Mallie could hardly bear to look at her son, at David’s pained face. The plaintiveness in his voice and his tears dissolved all the optimistic thought
s she held for her own future—possibilities that she had envisioned only hours before. What she and Larry were doing was so selfish. How would she ever be able to forget David’s tears? In that moment it didn’t matter that she and Larry had been living separate lives under the same roof for years. It didn’t matter that Larry had been consistently telling her lies. It certainly didn’t matter that she had finally felt that maybe there was a better life for her without him. All she could see was the sadness in her son’s face, the reality that his life, all three of her sons’ lives, would never be the same. She felt an overwhelming accusation that somehow she had failed to keep the family together.

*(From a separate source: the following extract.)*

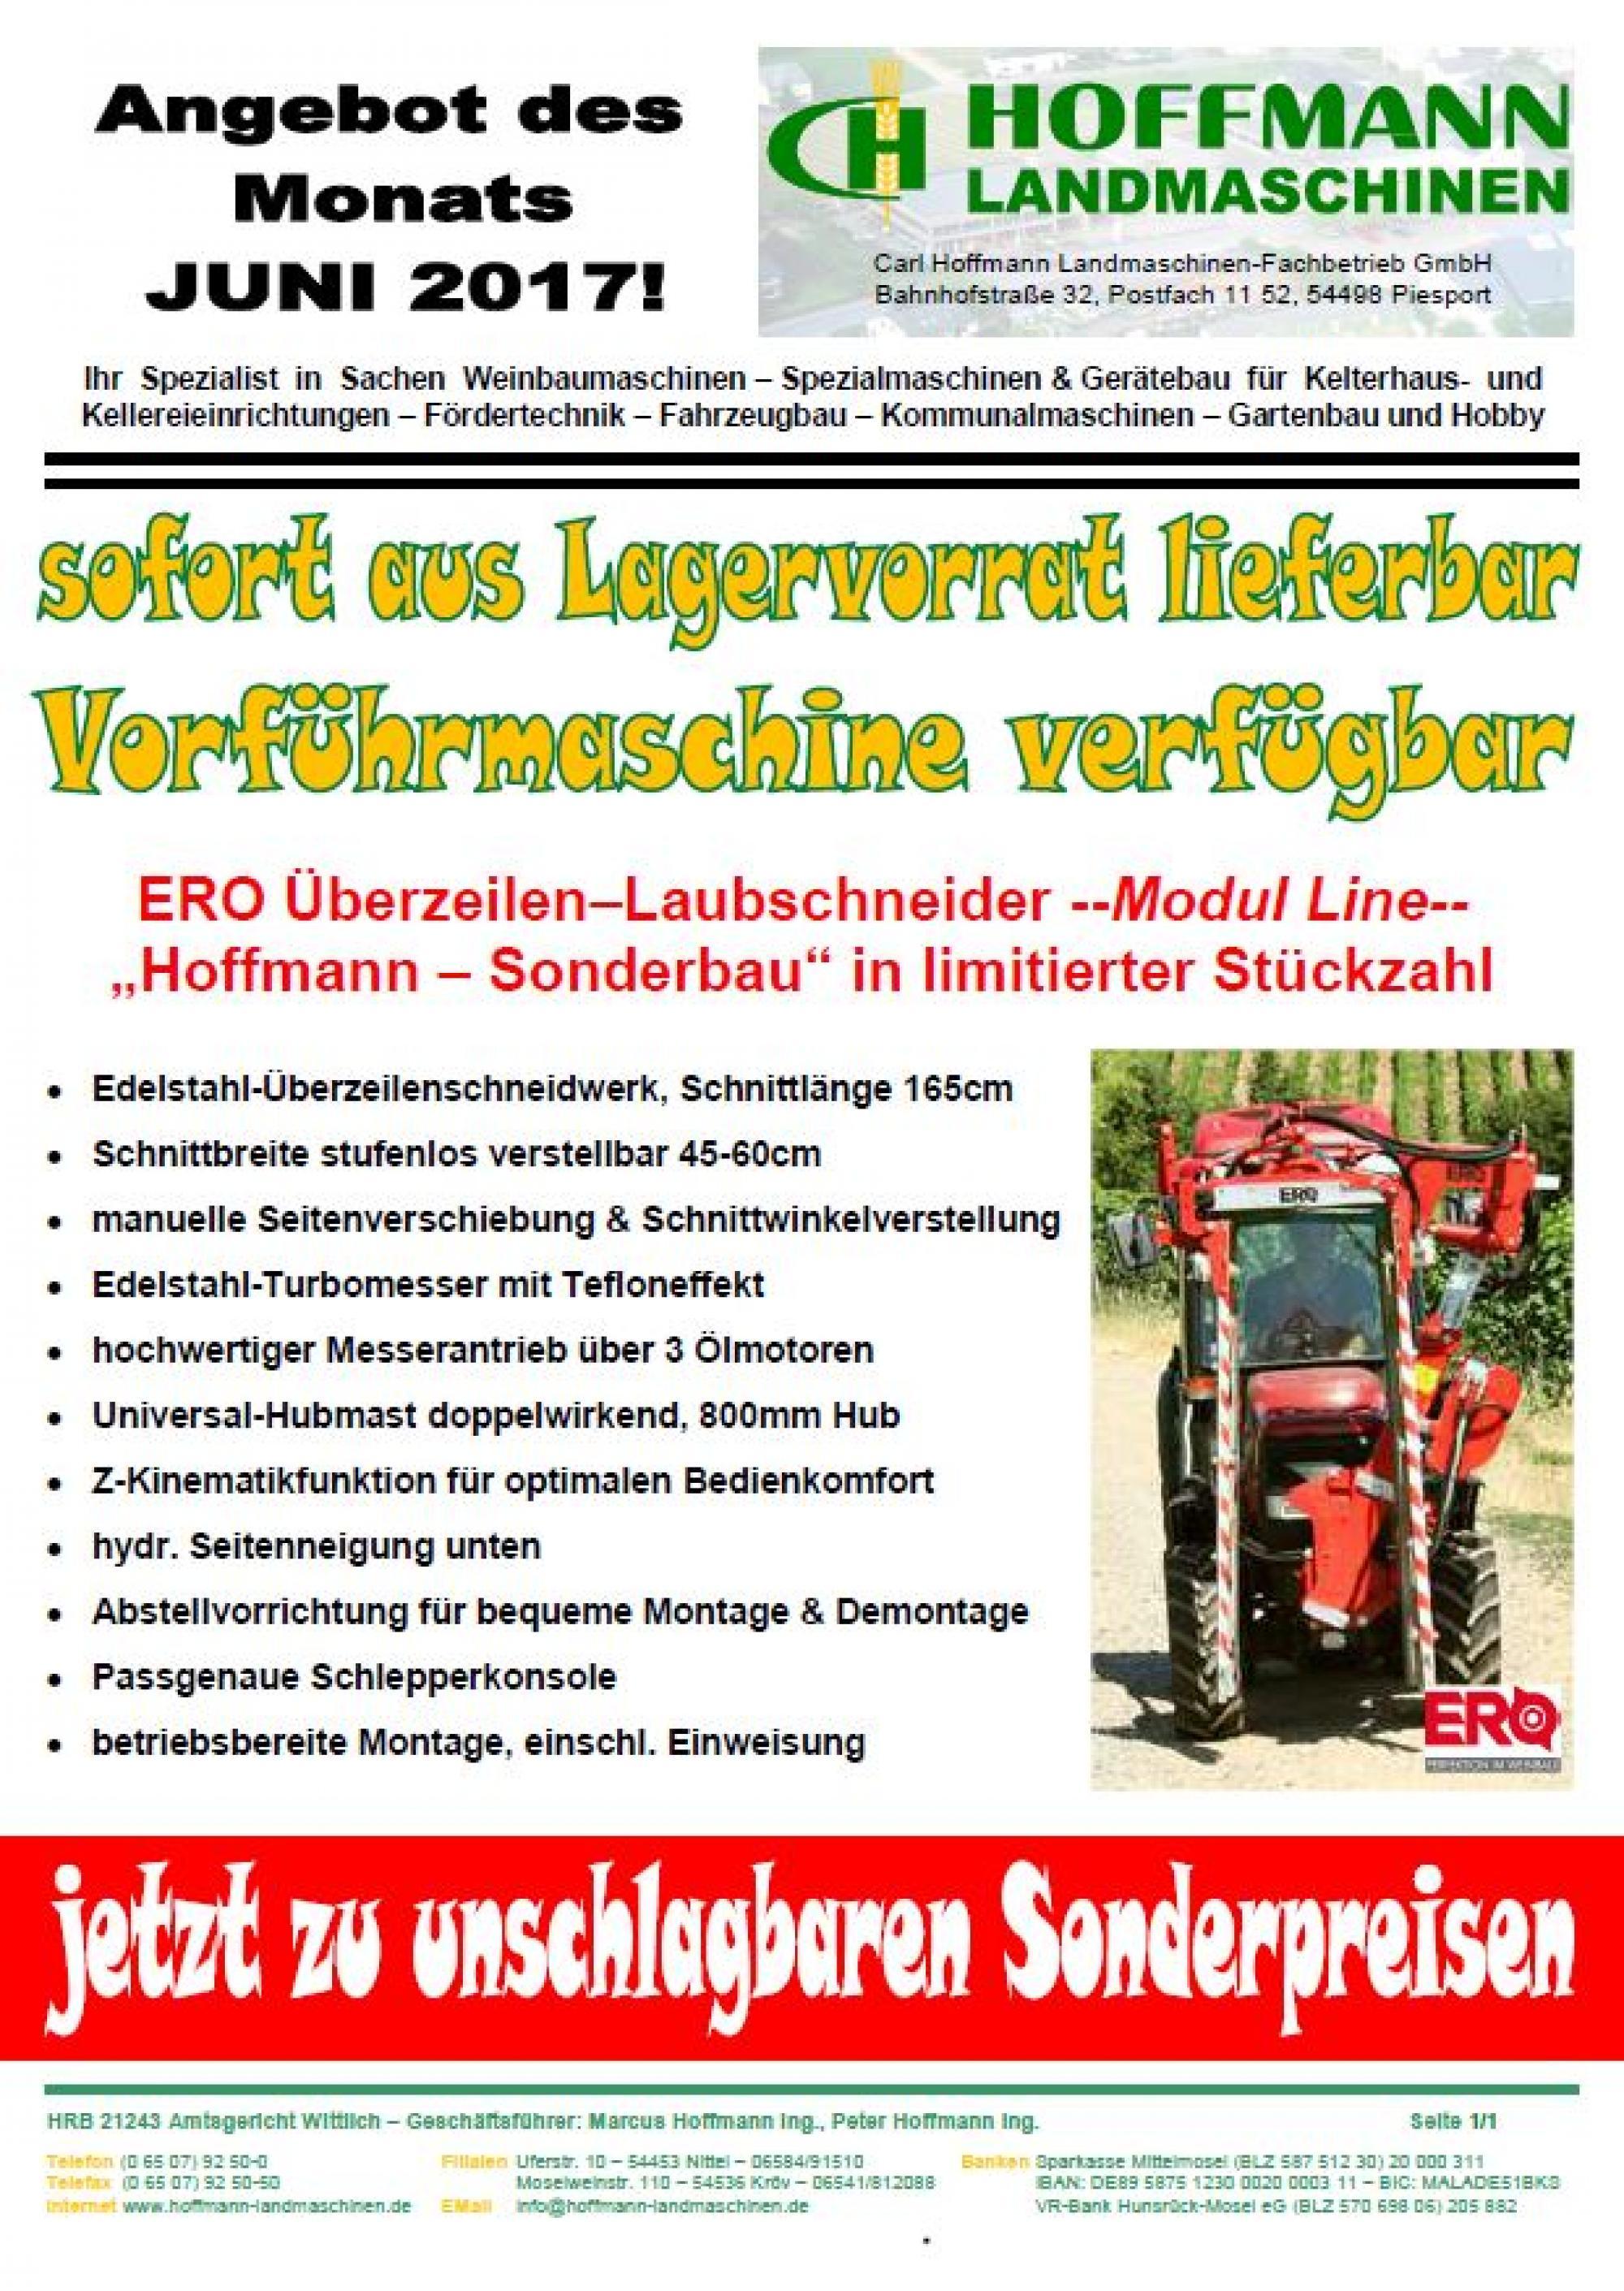 ERO Laubschneider

She got up from her rooted position in her chair and put her arms around David. “It’s okay, sweetheart,” she said. “It’s okay. It’s not your fault. I promise you it has nothing to do with you.” She kissed him on the side of his face and looked back at Larry, hoping he would figure out some way to end the torture of dragging on the conversation.
“We’ll talk again,” Larry said. He stood up as if to say the session was over.

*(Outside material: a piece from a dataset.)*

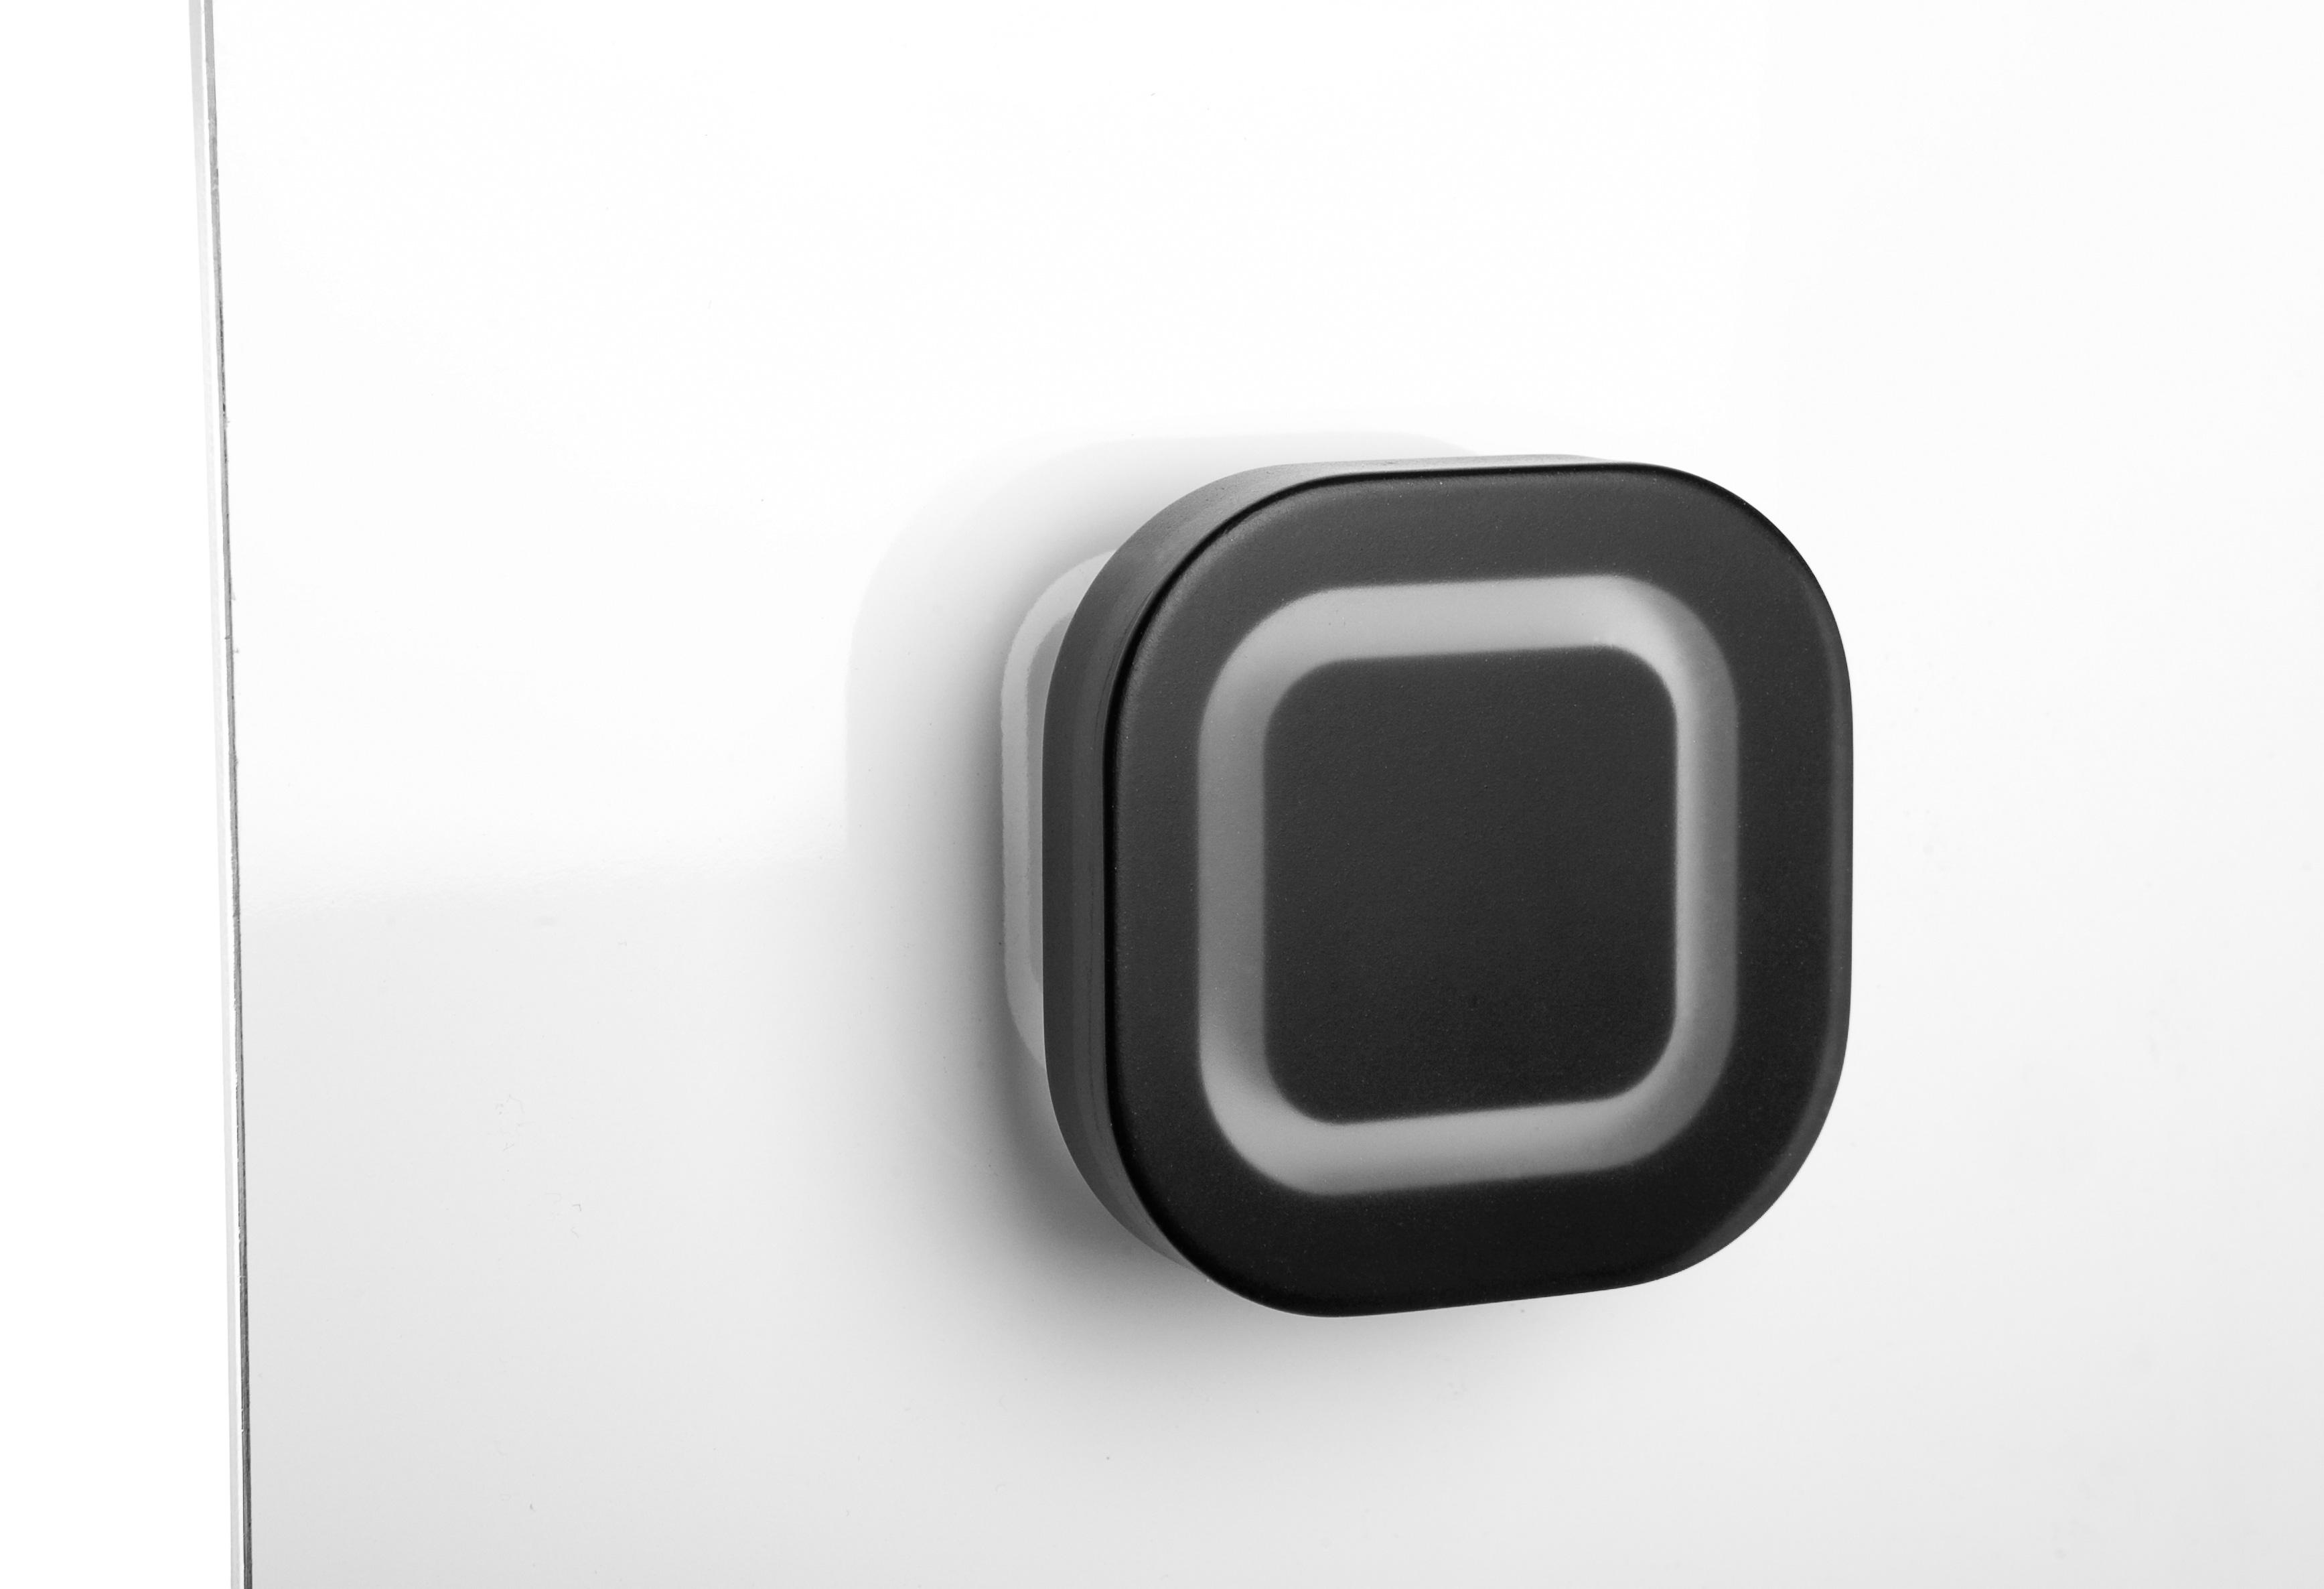 Pomos blancos y negros Monza de Viefe. Black and white knobs of Viefe.

Troy took David’s arm and they walked silently past their parents out of the library.
“You’ll call Sammy tonight?” Mallie questioned Larry. She was sure that her oldest son would want to talk to her after his father called him, but she didn’t want to be the one to break the news to him.
“I’ll call him,” Larry said. “Maybe not tonight, but I’ll call him.” Mallie sat back on the couch and watched her husband go into their bedroom to pack his clothes. He was so particular and fastidious about his clothes. His suits, sports jackets, ties and tassel loafers all came from Brooks Brothers. He had found a shirt maker in Hong Kong, where he could order his shirts with a monogram on the sleeve at no extra charge. She wondered what he was deciding to take with him. In an unexpected flare-up of anger, she envisioned throwing what he left behind into a canvas bag and dumping it at Goodwill. That would serve Larry right. How could he have sat there so complacently and told the boys that “we have some things to work out?” That was another lie. There was nothing to work out. He was leaving because he didn’t love her and didn’t want to be married to her. He had another woman in his life named Julie. Maybe he intended to marry her. She, Mallie, his wife of almost eighteen years, no longer mattered to him. All those years, all those women. And she had stayed married to him, taken care of their family. The more she thought about it, the angrier she became. She had allowed herself to be a part of creating a marriage façade for years, and now she was allowing herself to be a part of creating a divorce façade—or at least, a sham separation.